When you reach the line with "Late Victorian walnut", start repeating the lines exactly and keep going to the end of the records, but drop every picture.

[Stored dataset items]

========================================

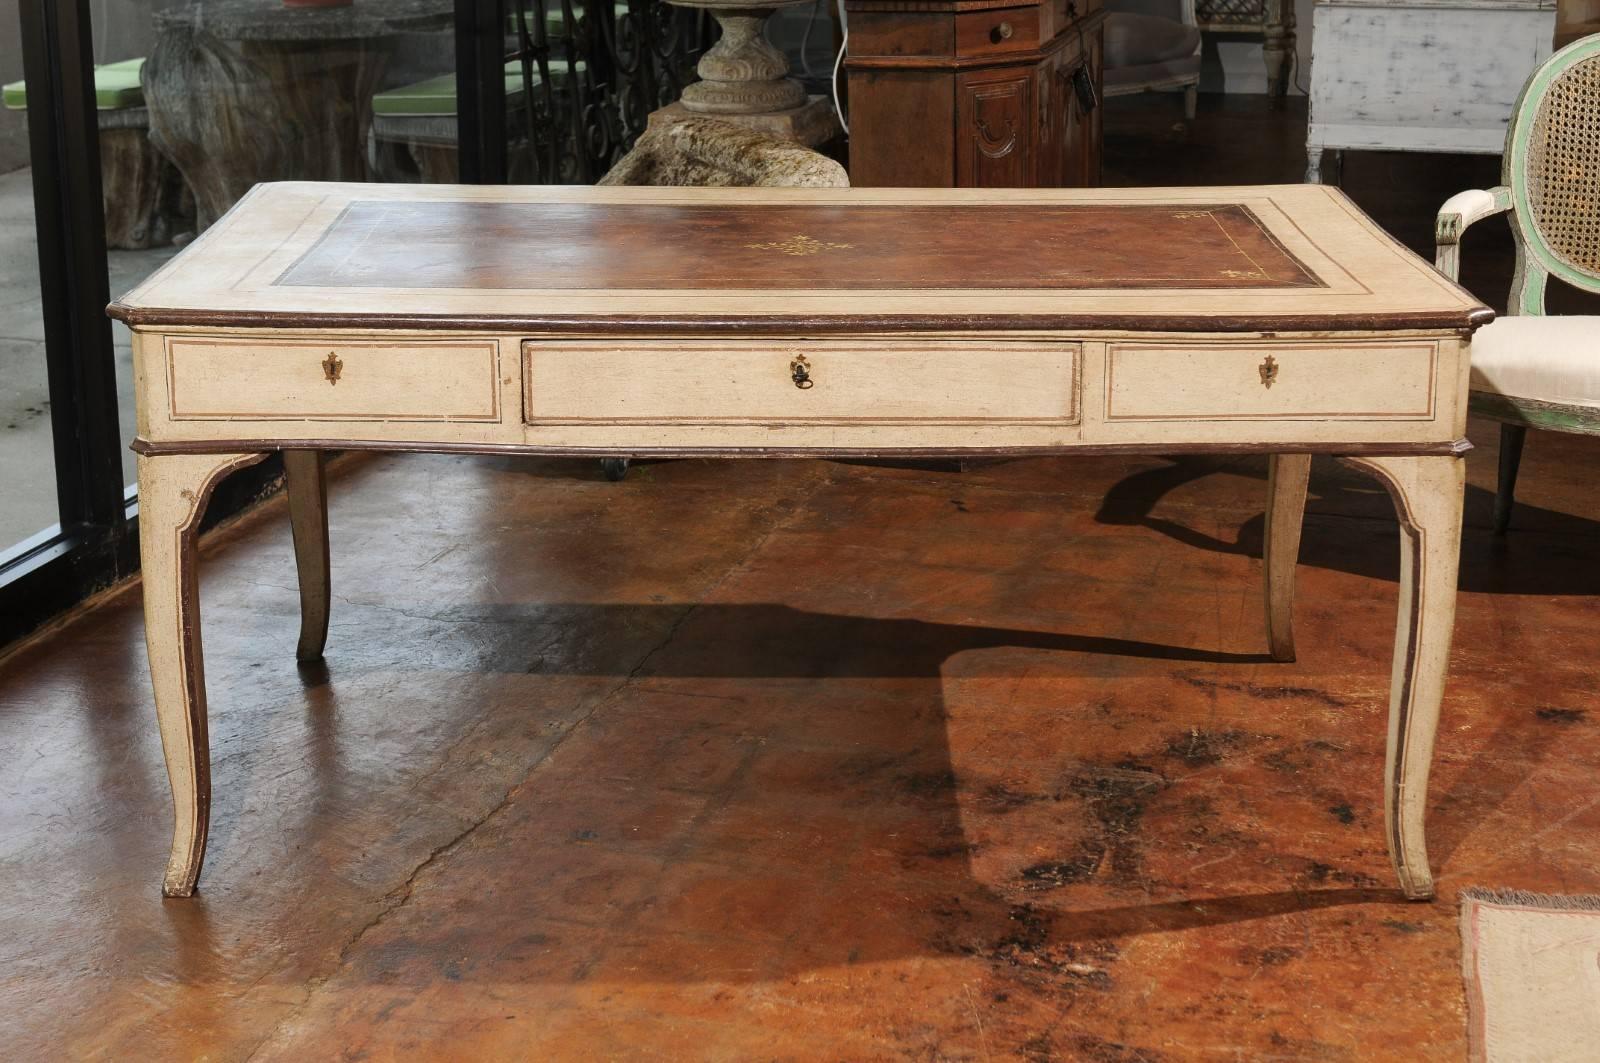 1790s Italian Painted Wood Desk with Hidden Drawers and Faux Leather Top 5
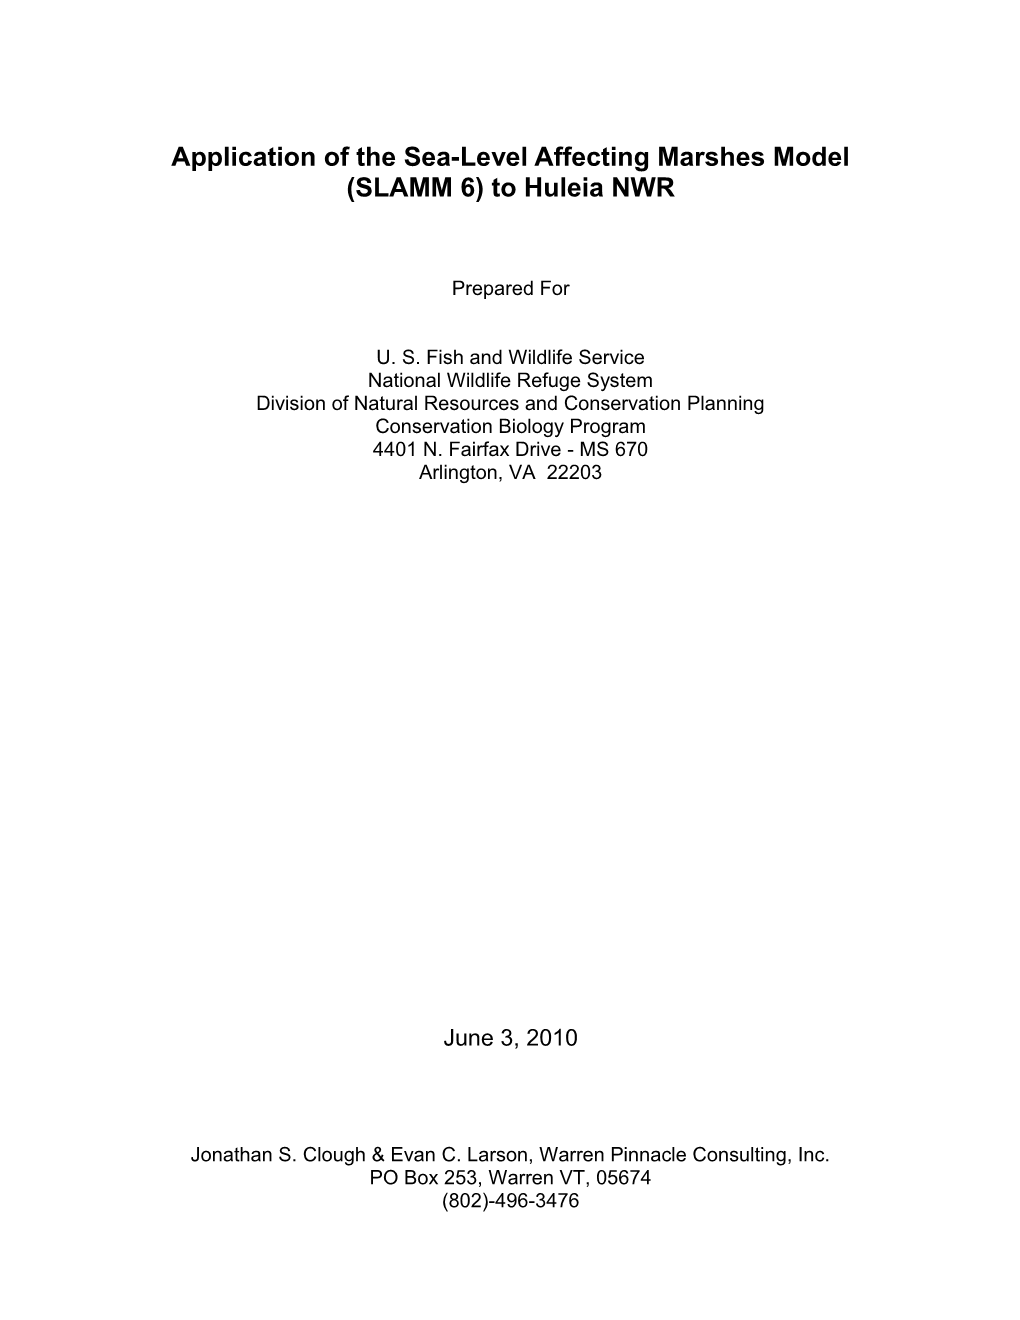 Application of the Sea-Level Affecting Marshes Model (SLAMM 6) to Huleia NWR
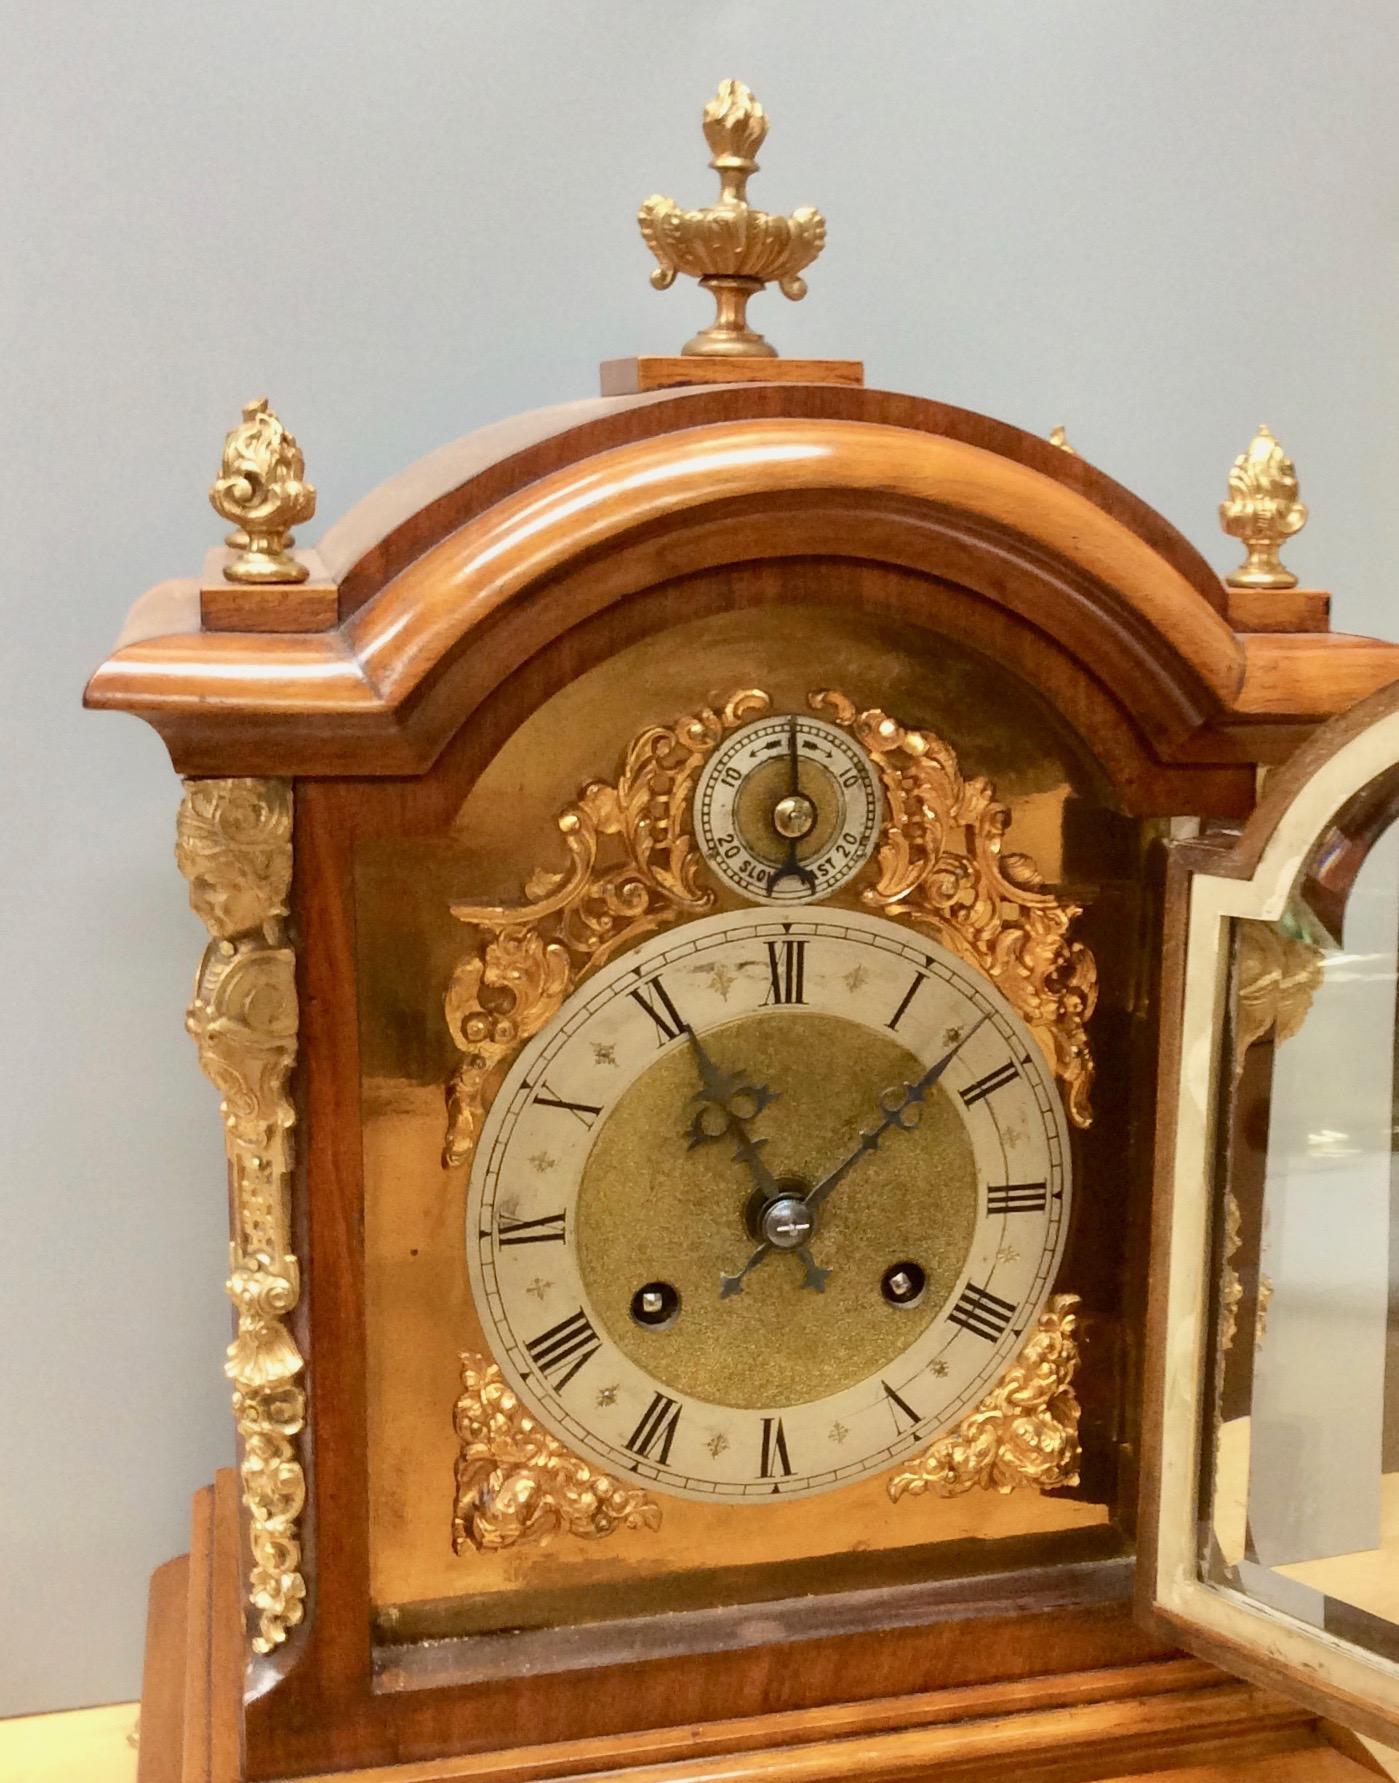 Late Victorian walnut break arch mantel clock standing on a raised plinth and resting on four outswept gilded paw feet and surmounted by four flame finials and a central finial.

Heavy beveled glass door opening to a brass dial with finely matted
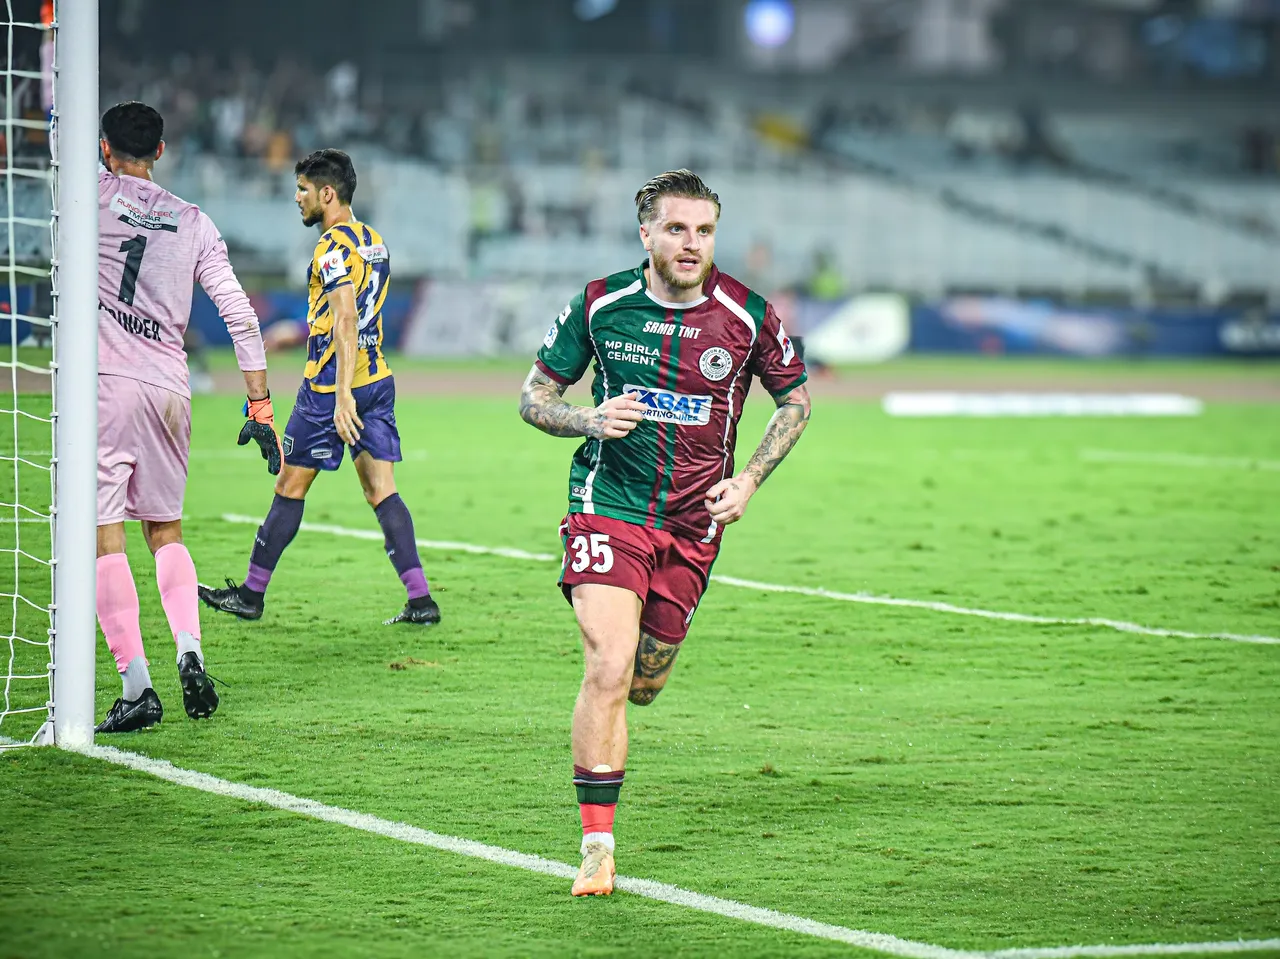 Mohun Bagan vs Odisha FC: Jason Cummings scored in the first half and it's all square on aggregate at the break.

========================================

> **Answer section**:
 Late Victorian walnut break arch mantel clock standing on a raised plinth and resting on four outswept gilded paw feet and surmounted by four flame finials and a central finial.

Heavy beveled glass door opening to a brass dial with finely matted
 Mohun Bagan vs Odisha FC: Jason Cummings scored in the first half and it's all square on aggregate at the break.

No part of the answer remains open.